[Start of section]

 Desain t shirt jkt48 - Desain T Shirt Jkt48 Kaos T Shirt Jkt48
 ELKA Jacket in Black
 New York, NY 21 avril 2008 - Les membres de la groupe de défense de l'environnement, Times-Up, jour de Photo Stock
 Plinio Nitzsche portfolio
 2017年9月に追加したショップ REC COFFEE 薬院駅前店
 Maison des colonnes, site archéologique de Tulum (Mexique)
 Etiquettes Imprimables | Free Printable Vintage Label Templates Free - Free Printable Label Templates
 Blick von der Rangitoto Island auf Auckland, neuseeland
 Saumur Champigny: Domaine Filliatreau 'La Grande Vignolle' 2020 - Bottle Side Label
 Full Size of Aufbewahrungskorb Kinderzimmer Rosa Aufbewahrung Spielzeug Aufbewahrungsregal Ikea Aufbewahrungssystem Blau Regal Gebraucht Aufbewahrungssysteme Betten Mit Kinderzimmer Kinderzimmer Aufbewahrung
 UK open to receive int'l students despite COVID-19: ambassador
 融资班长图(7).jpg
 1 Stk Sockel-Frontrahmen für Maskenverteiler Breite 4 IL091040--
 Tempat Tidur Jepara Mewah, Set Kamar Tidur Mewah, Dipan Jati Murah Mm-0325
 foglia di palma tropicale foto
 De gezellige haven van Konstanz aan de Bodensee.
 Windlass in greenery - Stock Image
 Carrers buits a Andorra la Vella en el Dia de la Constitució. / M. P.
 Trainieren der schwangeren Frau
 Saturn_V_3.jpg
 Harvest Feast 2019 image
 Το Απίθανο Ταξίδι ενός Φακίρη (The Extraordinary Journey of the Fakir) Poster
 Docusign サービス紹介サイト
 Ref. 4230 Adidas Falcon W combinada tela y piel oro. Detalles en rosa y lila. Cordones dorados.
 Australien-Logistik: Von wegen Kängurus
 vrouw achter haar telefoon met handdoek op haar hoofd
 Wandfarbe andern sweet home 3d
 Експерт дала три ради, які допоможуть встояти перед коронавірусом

[End of section]

Your instructions
Write all of the records out exactly, including every line.

Exercise answer
 Desain t shirt jkt48 - Desain T Shirt Jkt48 Kaos T Shirt Jkt48
 ELKA Jacket in Black
 New York, NY 21 avril 2008 - Les membres de la groupe de défense de l'environnement, Times-Up, jour de Photo Stock
 Plinio Nitzsche portfolio
 2017年9月に追加したショップ REC COFFEE 薬院駅前店
 Maison des colonnes, site archéologique de Tulum (Mexique)
 Etiquettes Imprimables | Free Printable Vintage Label Templates Free - Free Printable Label Templates
 Blick von der Rangitoto Island auf Auckland, neuseeland
 Saumur Champigny: Domaine Filliatreau 'La Grande Vignolle' 2020 - Bottle Side Label
 Full Size of Aufbewahrungskorb Kinderzimmer Rosa Aufbewahrung Spielzeug Aufbewahrungsregal Ikea Aufbewahrungssystem Blau Regal Gebraucht Aufbewahrungssysteme Betten Mit Kinderzimmer Kinderzimmer Aufbewahrung
 UK open to receive int'l students despite COVID-19: ambassador
 融资班长图(7).jpg
 1 Stk Sockel-Frontrahmen für Maskenverteiler Breite 4 IL091040--
 Tempat Tidur Jepara Mewah, Set Kamar Tidur Mewah, Dipan Jati Murah Mm-0325
 foglia di palma tropicale foto
 De gezellige haven van Konstanz aan de Bodensee.
 Windlass in greenery - Stock Image
 Carrers buits a Andorra la Vella en el Dia de la Constitució. / M. P.
 Trainieren der schwangeren Frau
 Saturn_V_3.jpg
 Harvest Feast 2019 image
 Το Απίθανο Ταξίδι ενός Φακίρη (The Extraordinary Journey of the Fakir) Poster
 Docusign サービス紹介サイト
 Ref. 4230 Adidas Falcon W combinada tela y piel oro. Detalles en rosa y lila. Cordones dorados.
 Australien-Logistik: Von wegen Kängurus
 vrouw achter haar telefoon met handdoek op haar hoofd
 Wandfarbe andern sweet home 3d
 Експерт дала три ради, які допоможуть встояти перед коронавірусом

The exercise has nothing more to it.